> _YOUR TASK_
Your job is to set down the listing again exactly as it stands.

##############################

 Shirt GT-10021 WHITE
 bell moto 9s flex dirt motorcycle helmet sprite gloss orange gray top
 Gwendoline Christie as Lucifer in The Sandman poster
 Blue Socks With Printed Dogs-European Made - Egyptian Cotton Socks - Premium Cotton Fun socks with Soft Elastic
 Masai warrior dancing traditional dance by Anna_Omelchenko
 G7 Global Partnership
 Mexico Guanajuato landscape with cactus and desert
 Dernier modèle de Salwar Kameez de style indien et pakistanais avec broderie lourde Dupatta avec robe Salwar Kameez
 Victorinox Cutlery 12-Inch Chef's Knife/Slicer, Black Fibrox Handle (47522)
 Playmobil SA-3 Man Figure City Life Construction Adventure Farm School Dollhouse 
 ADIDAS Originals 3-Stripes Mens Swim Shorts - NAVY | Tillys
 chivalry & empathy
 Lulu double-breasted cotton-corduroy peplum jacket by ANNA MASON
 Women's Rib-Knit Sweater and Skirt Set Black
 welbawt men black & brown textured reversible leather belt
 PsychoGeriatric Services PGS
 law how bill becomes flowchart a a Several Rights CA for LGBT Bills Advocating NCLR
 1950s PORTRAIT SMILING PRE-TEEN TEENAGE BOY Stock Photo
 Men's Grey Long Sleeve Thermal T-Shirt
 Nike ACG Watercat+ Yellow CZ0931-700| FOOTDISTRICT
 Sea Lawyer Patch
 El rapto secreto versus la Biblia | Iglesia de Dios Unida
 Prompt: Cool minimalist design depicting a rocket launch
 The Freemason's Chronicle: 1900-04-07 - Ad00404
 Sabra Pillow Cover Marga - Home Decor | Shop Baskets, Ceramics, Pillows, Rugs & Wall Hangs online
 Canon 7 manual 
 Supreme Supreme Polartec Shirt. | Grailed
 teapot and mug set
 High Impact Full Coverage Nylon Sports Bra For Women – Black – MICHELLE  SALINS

##############################

> _ANSWER BOX_
 Shirt GT-10021 WHITE
 bell moto 9s flex dirt motorcycle helmet sprite gloss orange gray top
 Gwendoline Christie as Lucifer in The Sandman poster
 Blue Socks With Printed Dogs-European Made - Egyptian Cotton Socks - Premium Cotton Fun socks with Soft Elastic
 Masai warrior dancing traditional dance by Anna_Omelchenko
 G7 Global Partnership
 Mexico Guanajuato landscape with cactus and desert
 Dernier modèle de Salwar Kameez de style indien et pakistanais avec broderie lourde Dupatta avec robe Salwar Kameez
 Victorinox Cutlery 12-Inch Chef's Knife/Slicer, Black Fibrox Handle (47522)
 Playmobil SA-3 Man Figure City Life Construction Adventure Farm School Dollhouse 
 ADIDAS Originals 3-Stripes Mens Swim Shorts - NAVY | Tillys
 chivalry & empathy
 Lulu double-breasted cotton-corduroy peplum jacket by ANNA MASON
 Women's Rib-Knit Sweater and Skirt Set Black
 welbawt men black & brown textured reversible leather belt
 PsychoGeriatric Services PGS
 law how bill becomes flowchart a a Several Rights CA for LGBT Bills Advocating NCLR
 1950s PORTRAIT SMILING PRE-TEEN TEENAGE BOY Stock Photo
 Men's Grey Long Sleeve Thermal T-Shirt
 Nike ACG Watercat+ Yellow CZ0931-700| FOOTDISTRICT
 Sea Lawyer Patch
 El rapto secreto versus la Biblia | Iglesia de Dios Unida
 Prompt: Cool minimalist design depicting a rocket launch
 The Freemason's Chronicle: 1900-04-07 - Ad00404
 Sabra Pillow Cover Marga - Home Decor | Shop Baskets, Ceramics, Pillows, Rugs & Wall Hangs online
 Canon 7 manual 
 Supreme Supreme Polartec Shirt. | Grailed
 teapot and mug set
 High Impact Full Coverage Nylon Sports Bra For Women – Black – MICHELLE  SALINS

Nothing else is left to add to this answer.